Thylacinidae is an extinct family of carnivorous, superficially dog-like marsupials from the order Dasyuromorphia. The only species to survive into modern times was the thylacine (Thylacinus cynocephalus), which became extinct in 1936.

The consensus on placement of the family is with the Dasyuromorphia order, with agreement on the divergence this family and the Dasyuridae, represented by the extant quolls and Tasmanian devil Sarcophilus harrisii, remaining under consideration.
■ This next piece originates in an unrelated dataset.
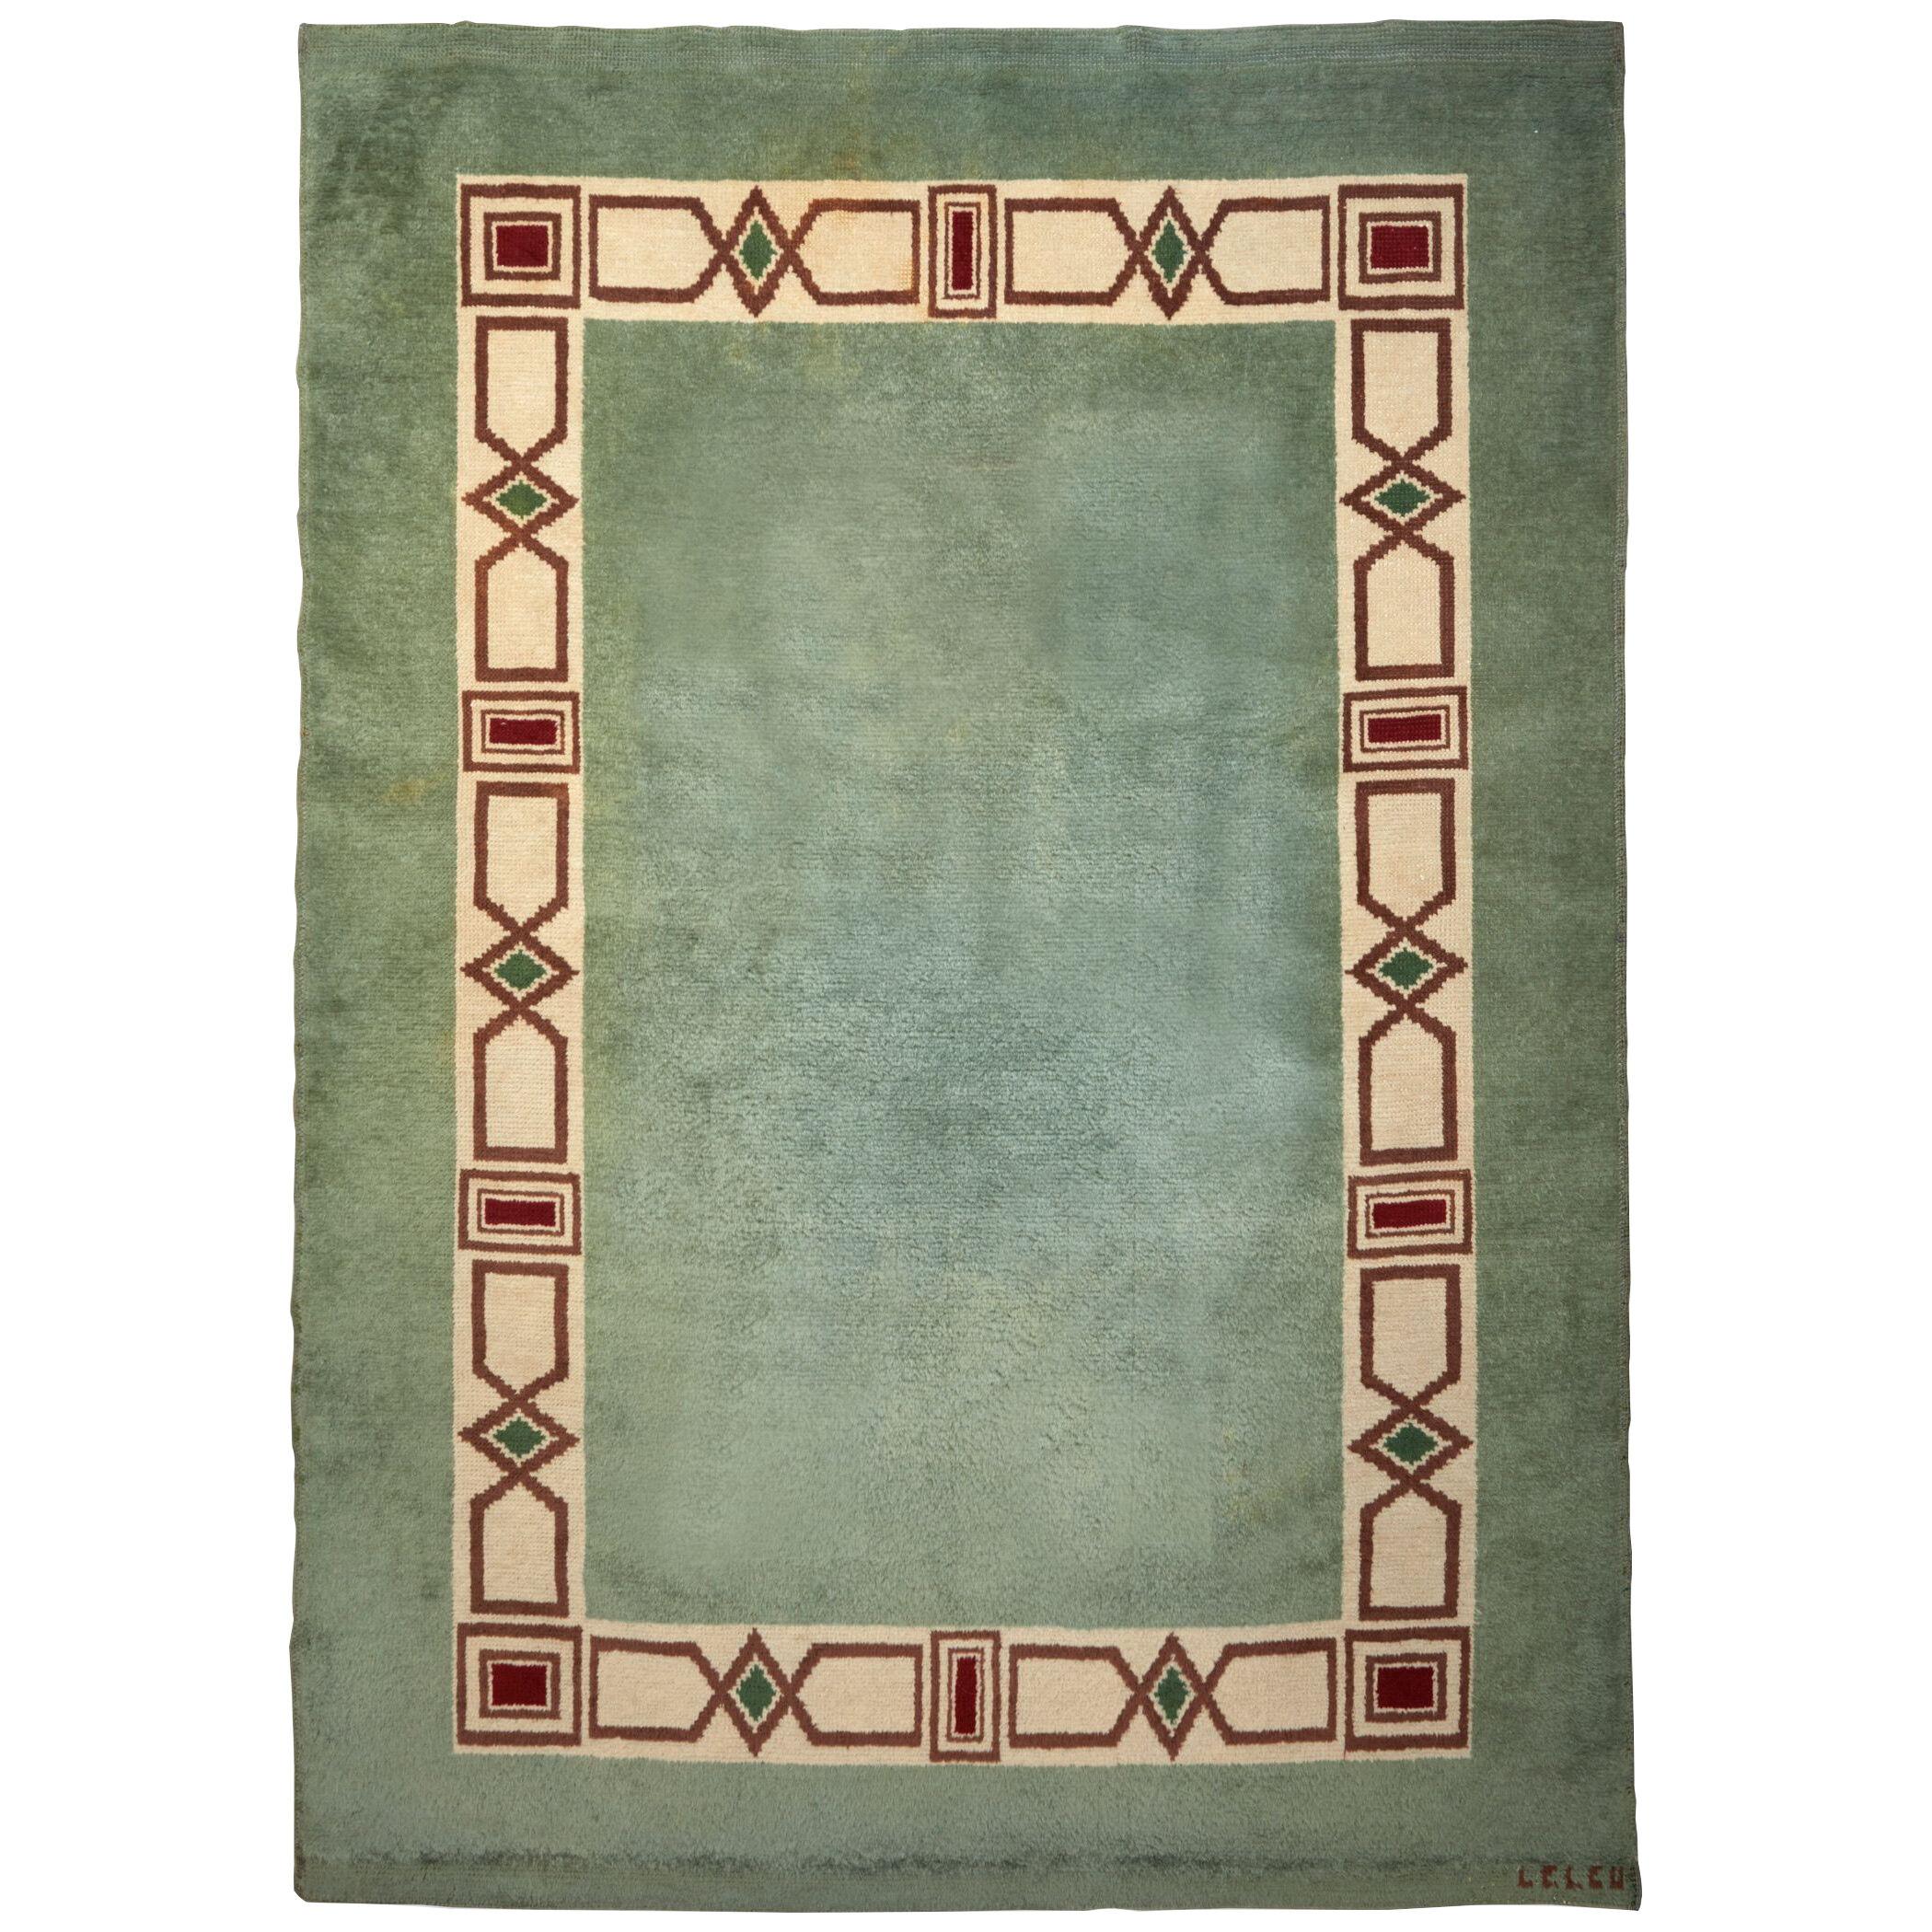 Rectangular Woollen Carpet by Paule Leleu, circa 1940

The thylacinid family was represented by two species in a synonymy published in 1982, the recently extinct Tasmanian tiger and the species Thylacinus potens, known by fossil material. Discoveries of new material, especially in well researched fossil depositions at the Riversleigh World Heritage Area, revealed a diverse array of genera and families existing during Miocene epoch. The dentition of specimens and some largely complete crania showed the development of specialist predators capable of hunting and consuming a range of vertebrate species, and like other mammalian predators, such as the canid family, could include herbivores larger than themselves. An assessment of the size range of the species has provided evidence of animals occupying a greater number of trophic levels and challenged the conception of the dominance of reptilians as large hyper-carnivorous predators on the Australia continent.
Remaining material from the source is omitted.